When following Test-Driven Development (TDD), one creates a failing test and then writes code to make the test pass. But what if the code already exists?

If a piece of code has no covering unit tests, it is important to add tests that demonstrate the desired behavior. The most important rule for adding tests to existing code is to ensure you are testing the right thing.

Test the Right Thing

When I am adding tests for existing code, I usually write the test case with the knowledge of the observed behavior. So my tests pass immediately because I know how the code behaves. However this is a flawed testing strategy because these tests are biased towards examples that show how I think the code behaves.

It is common in the software development industry to hear people say that developers make poor testers of their own code. The reasons for this include our bias towards the ‘positive’ scenarios, and less towards how the code might break. We can be blind to parts of the code with flaws and it can have a great influence over how we write unit tests.

In other words, this bias increases the chance that the unit tests aren’t testing to right thing. To combat against this bias, I need to confirm the test fails.

How to Confirm a Test Fails

The technique I use is to write the unit test based on the observed behavior. I can see the test passes (that ‘positive’ scenario again). Then I modify the existing behavior of the code in a way that should cause the unit test to fail. When I re-run the test(s) and I don’t see the expected failures, I know I have not tested the right thing.

I’m not going lie, it can be very disheartening to modify a piece of code that results in no failing tests when I expected it to fail. When this happens (and it does more often than I’d like to admit) it is a clear demonstration of the quality of your test suite. Or rather, the lack thereof.

However, this confirmation of a test’s ability to ‘test the right thing’ is a powerful thing. It amplifies my confidence that the test is adding value to the overall code quality. And when I don’t see the test fail as I expect it to, correcting the test, or the code, is much easier since I am much more familiar with the current context than I would be days or weeks later when a bug is reported in the code.

Speaking of bugs…

Observation of Bugs

When a bug is reported, it is important to understand why the bug exists. Since I have a suite of automated unit tests for my code, my first question is to determine why didn’t the bug get observed in an existing unit test? It boils down to one of two reasons. Either, there was insufficient test coverage and no tests were written to cover the code with the bug, or the test didn’t test the right thing.

If there was insufficient test coverage to observe a bug in the code, the first step in correcting the bug is to write a test that should fail due to the bug. This TDD approach ensures that fixing the bug will be easier but also the bug will have a covering test in the future to protect against regressions.
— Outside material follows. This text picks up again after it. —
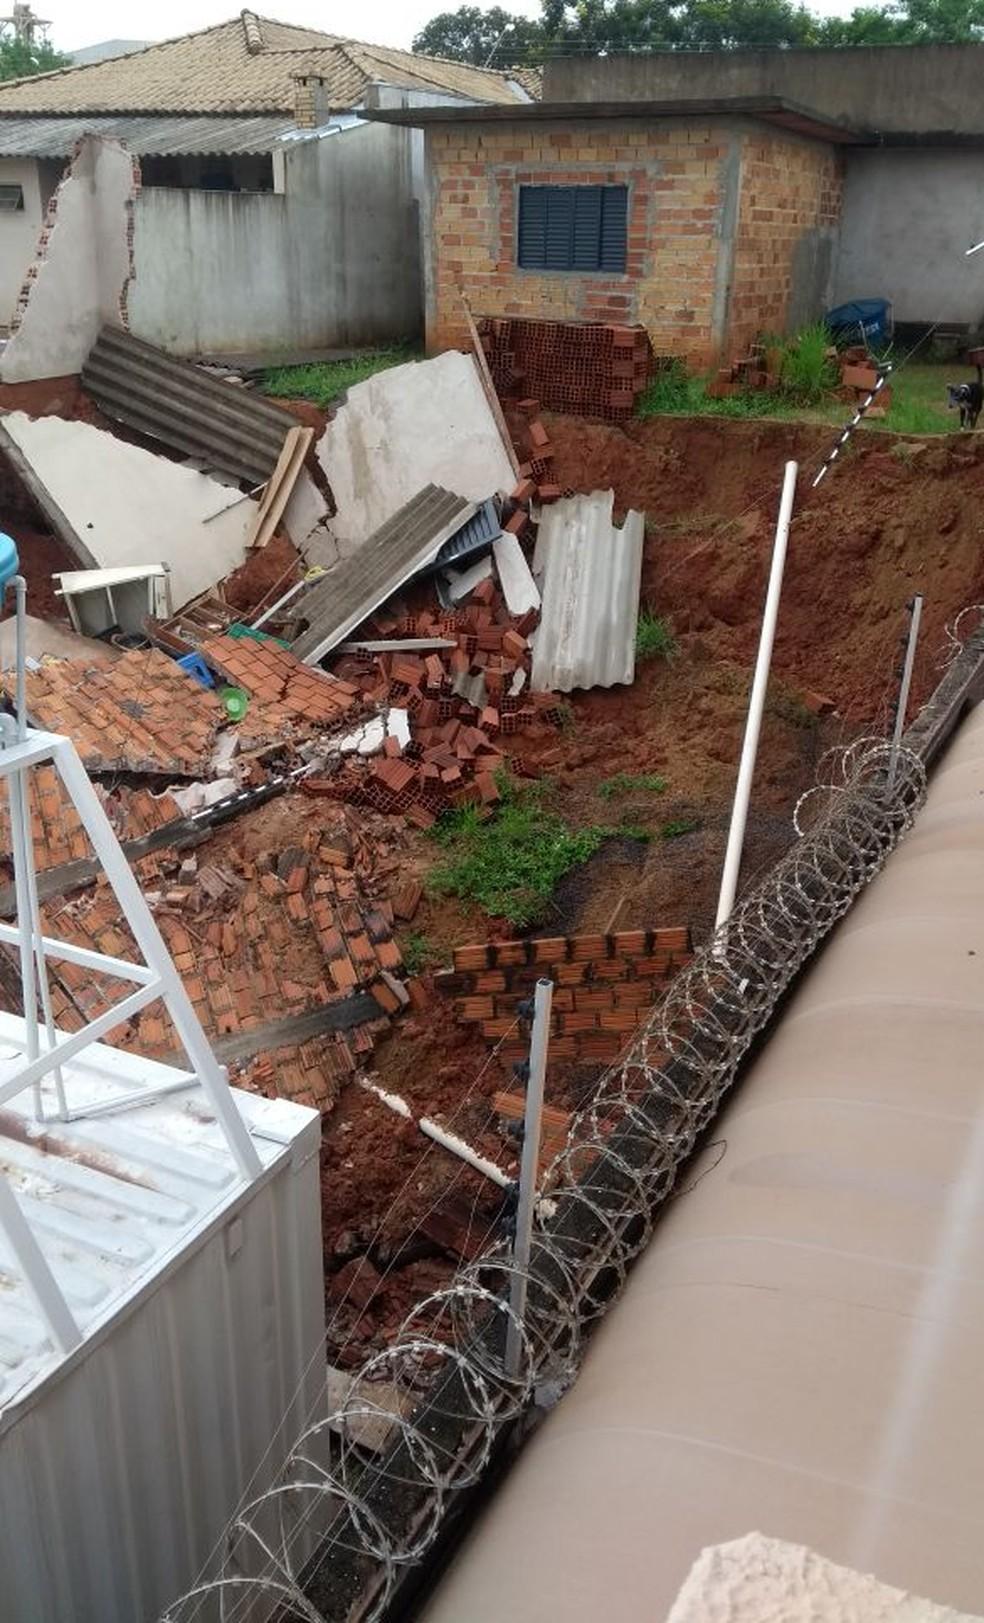 Cômodo de residência desabou no Parque dos Girassóis, em Presidente Prudente (Foto: Aline Michaelle Quatrochi Santos Matos Souza/Cedida)
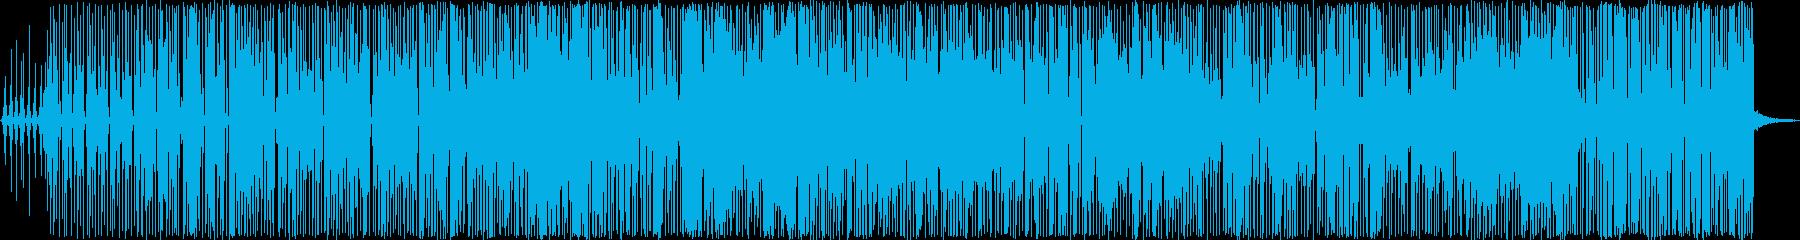 太いシンセベースがかっこいいファンクの再生済みの波形

If the bug slipped past our test suite because of a poorly written test, that is a much more interesting thing to look at. It means that I didn’t understand the code’s behavior as well as I thought I did. I could simply write a new test to observe the bug, just as I would when there was insufficient coverage. However, it is more important to look at the test I expected to find the bug and understand why it didn’t.

Did I miss an assertion? Did I set up test doubles incorrectly? Did the test use a flawed set of inputs? Understanding what went wrong makes me a better writer of unit tests. It makes me more aware of what I need to do to test the right thing.

Summary

Using a test-driven approach to designing software code has the advantage of watching tests fail, and ultimately confirming the desired behavior. But when you test existing code, you need to be more careful to ensure you are testing the right thing. The most important thing you can do is to see tests fail the way you expect them to. Combat your bias and test more than the ‘positive’ scenarios.